Есть вещи, о которых лучше не вспоминать. В сущности, ведь неважно, что там на самом деле было. Есть истина, и есть государственная необходимость. В конце концов, революция произошла – именно так, как требовалось, как и было запланировано.
На другой день после визита в Министерство иностранных дел Александр стоял на Шпалерной улице и смотрел на стаю птиц, кружащих над куполом Таврического дворца. Грачи это были, вороны или галки – не разглядеть, но смотрелось чрезвычайно символично. Еще более символично выглядел здоровенный мужик в солдатской шинели, который сидел у дворцовой ограды и, сняв сапог, вдумчиво разглядывал его на свет, рассчитывая, должно быть, увидеть что-то очень важное. Алекс поймал себя на том, что ждет результатов исследования, не сводя глаз с солдата. Солдат опустил сапог, посмотрел на Алекса и засмеялся. Щетинистое лицо пошло складками, как жеваная бумага. Алекс невольно поморщился, отступая.
– Че, сомлел? Сомлел! А нюхни!
Рука с сапогом метнулась к нему. Алекс отшатнулся.
Какие, к черту планы, растерянно подумал он, поспешно переходя улицу. Можно было, впрочем, не стараться – подобные персонажи нынче были кругом в этом городе, который принадлежал им – им, а вовсе не историку с цезарским профилем, поднаторевшему в европейской политике. Алексу вдруг остро захотелось прямо сейчас оказаться… нет, не в Константинополе. В Синих Ключах, дома, среди таких родных нелепостей.

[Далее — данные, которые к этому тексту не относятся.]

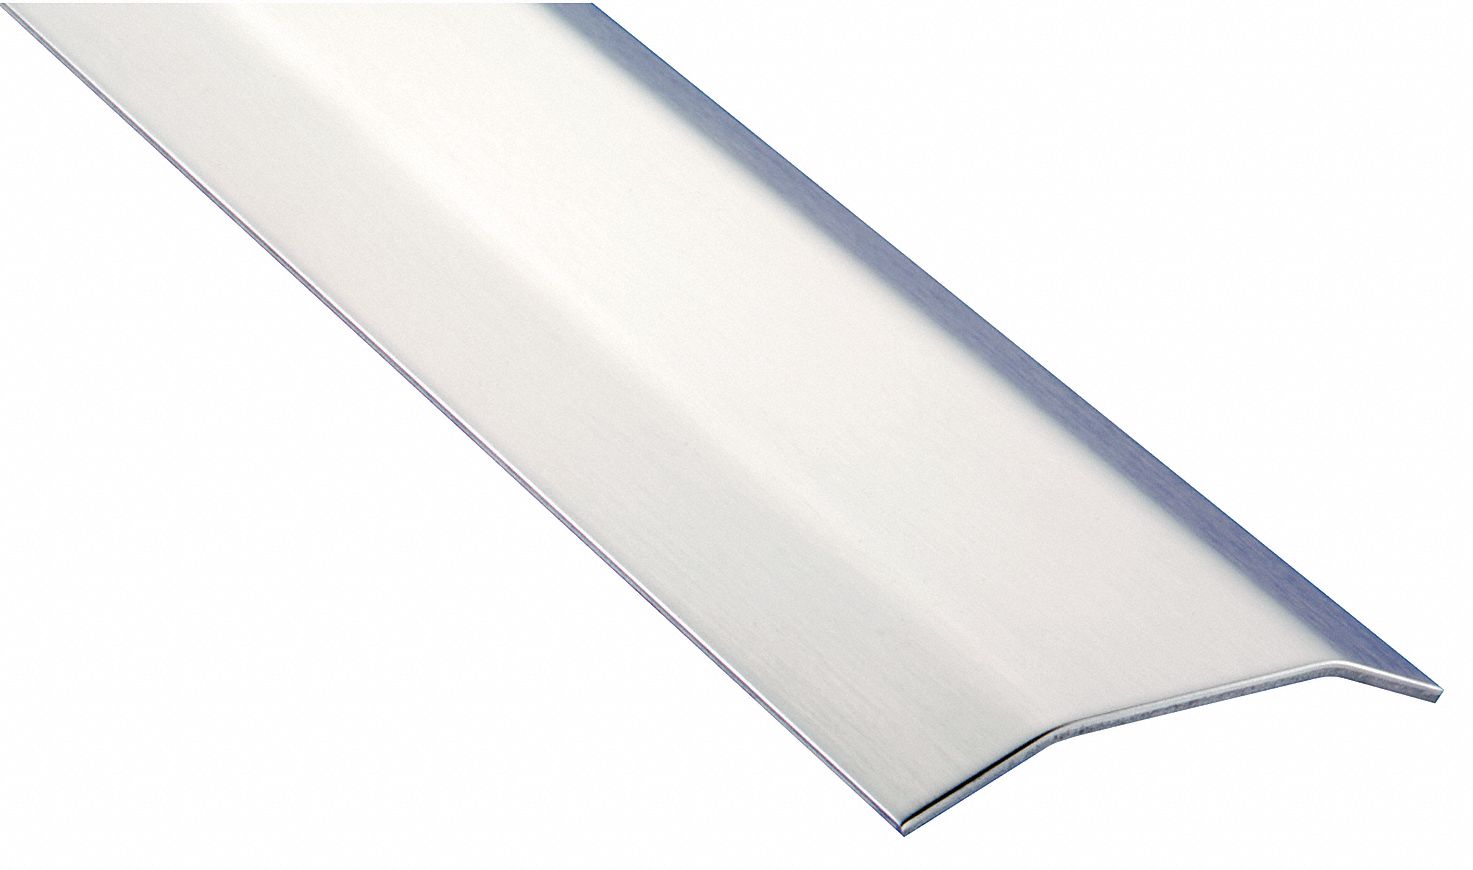 PEMKO 175SS72 6 ft x 4 in x 1/2 in Smooth Top Saddle Threshold, Silver

– Бумажник, дядя, кинь на землю, и иди себе… гуляй дальше…
Два из трех фонарей в переулке не горели. Мутный свет оставшегося расплывшимся бельмом отражался в покосившейся вывеске парикмахера – огромные ножницы таращились голенастым, неожиданно хищным насекомым. Напротив, за оградкой и садиком, над погруженным во тьму особняком поднимался округлый силуэт церковного купола.

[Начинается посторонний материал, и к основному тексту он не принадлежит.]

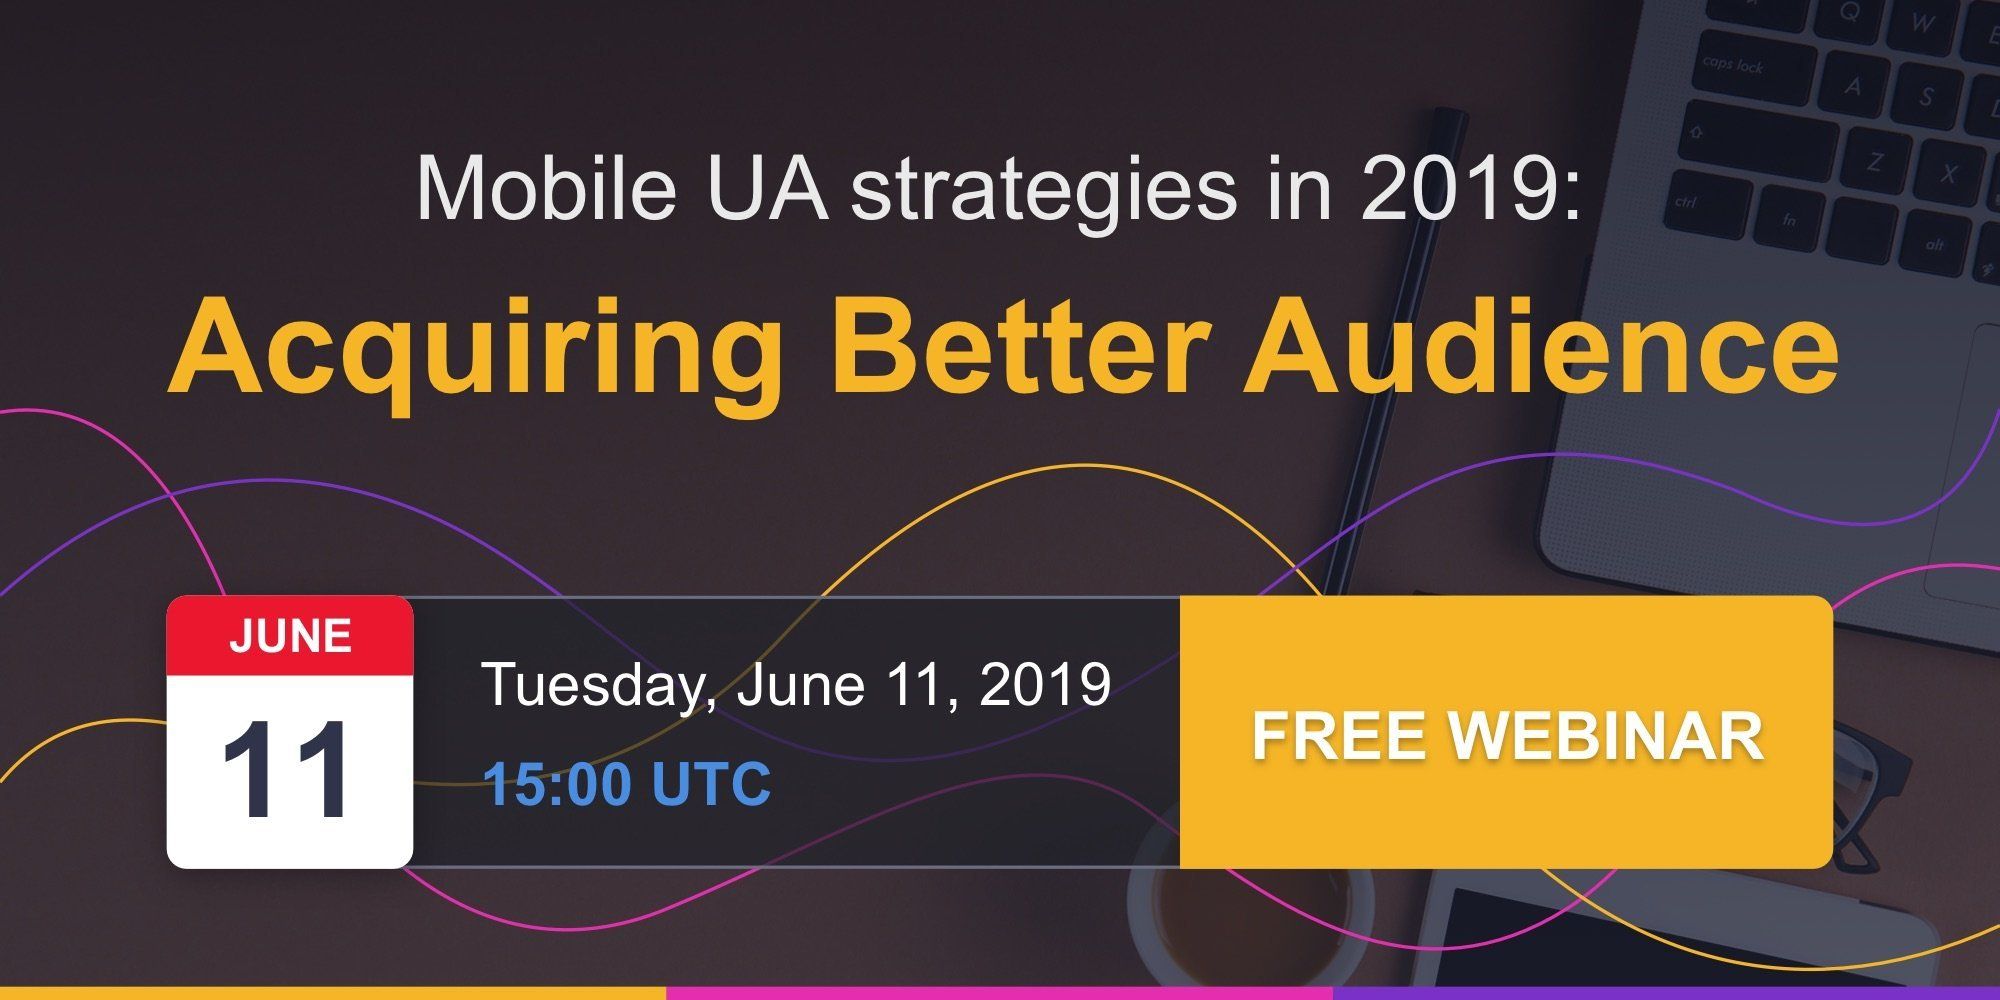 Mobile UA strategies in 2019: acquiring better audience

Прохожий в добротном штатском пальто, но с военной выправкой, оглядел щуплую мальчишескую фигурку и усмехнулся, брезгливо шевельнув усиками:
– Маленький мерзавец! Да я сейчас тебя…
– Попробуй, дядя.
Мальчишка издал горлом какой-то неопределенный звук и тотчас же рядом с ним появился и угрожающе зарычал крупный пес с острыми стоячими ушами.
– Убийца, – ласково отрекомендовал лохматого приятеля мальчишка. – Привык по человечинке работать. Кидается и сразу горло рвет. Не всегда и удержать возможно. Так что ты уж, дядя, поторопись…
Прохожий, надо отдать ему должное, не растерялся. Медленно отступая назад, нащупывая подошвами брусчатку, он размеренно и четко произносил слова:
– Я тебя, чертово отродье, сейчас в милицию сдам, и уж там-то тебе бока намнут как пить дать. И в кутузку посадят. А пса твоего следует пристрелить немедленно, и так оно, уж ты мне поверь, вскоре и случится. Нынче осмелели хамы, повылазила всякая сволочь, которая прежде и пикнуть не смела, что на двух ногах, что на четырех, но это недолго продлится…
– Милиция? – усмехнулся мальчишка. – Да где же она? Студенты да присяжные поверенные станут мне по твоей указке бока мять? (Весной 1917 года постановлениями Временного правительства были упразднены корпус жандармов и Департамент полиции, а полиция заменена «народной добровольной милицией» – прим. авт.). Как ты есть, по всему видать, бывшее ваше благородие, а я – за революцию всей своей босяцкой душой? Ау, милиция! Не видать что-то… А впрочем, ты, дядя, во всем прав, кроме одного: ходу тебе назад больше никакого нету.